Step1: Reason for ∠ABD ≅ ∠CBD

A bisector of an angle divides the angle into two congruent angles. Since \( \overline{BD} \) bisects \( \angle ABC \), by the definition of angle bisector, \( \angle ABD \cong \angle CBD \).

Step2: Reason for ∠ADB ≅ ∠CDB

From the diagram, \( \angle ADB \) and \( \angle CDB \) are right angles (they form a linear pair and are equal, so each is \( 90^\circ \)) or we can see that \( BD \perp AC \) (implied by the diagram with the right angle symbol). So, by the definition of perpendicular lines, they form congruent right angles, hence \( \angle ADB \cong \angle CDB \) (all right angles are congruent, or by the definition of perpendicular lines creating congruent angles).

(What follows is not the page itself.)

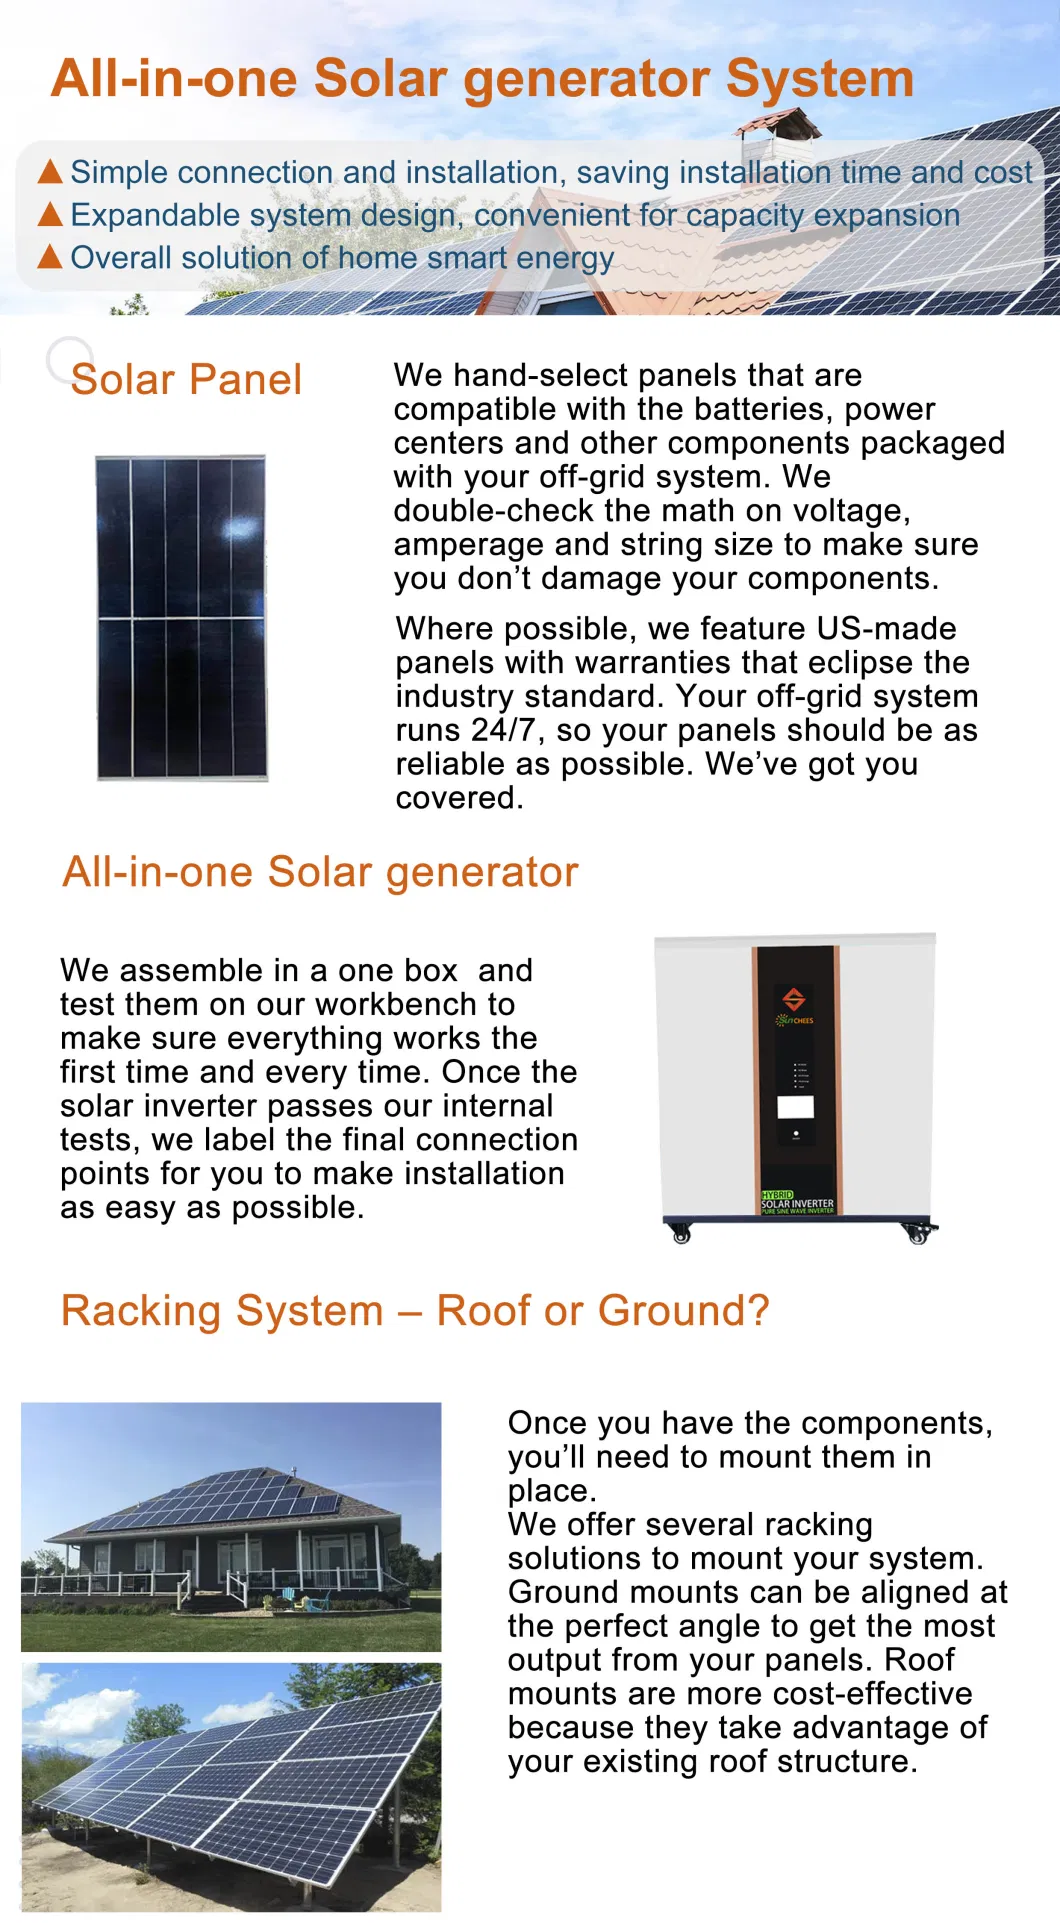 1kw to 5kw All in One Solar Kits, Solar Energy System for Home Use

Step3: Reason for \( \overline{AB} \cong \overline{CB} \)

From the diagram, the sides \( AB \) and \( CB \) have tick marks, which indicate that they are congruent. So, by the definition of congruent segments (or the tick mark notation meaning congruent sides), \( \overline{AB} \cong \overline{CB} \).

Step4: Reason for \( \triangle ABD \cong \triangle CBD \)

We have \( \angle ABD \cong \angle CBD \) (from step 1), \( \overline{BD} \cong \overline{BD} \) (common side, reflexive property), and \( \angle ADB \cong \angle CDB \) (from step 2). So, by the ASA (Angle - Side - Angle) congruence criterion, \( \triangle ABD \cong \triangle CBD \). Or, if we use the sides \( AB \cong CB \), \( \angle ABD \cong \angle CBD \), and \( BD \cong BD \), it could also be SAS (Side - Angle - Side). But with the right angles, ASA is more direct here.

Answer:

• \( \angle ABD \cong \angle CBD \): Definition of Angle Bisector
• \( \angle ADB \cong \angle CDB \): All Right Angles are Congruent (or Definition of Perpendicular Lines)
• \( \overline{AB} \cong \overline{CB} \): Definition of Congruent Segments (Tick Mark Notation)
• \( \triangle ABD \cong \triangle CBD \): ASA (Angle - Side - Angle) Congruence Criterion (or SAS depending on the order of sides/angles)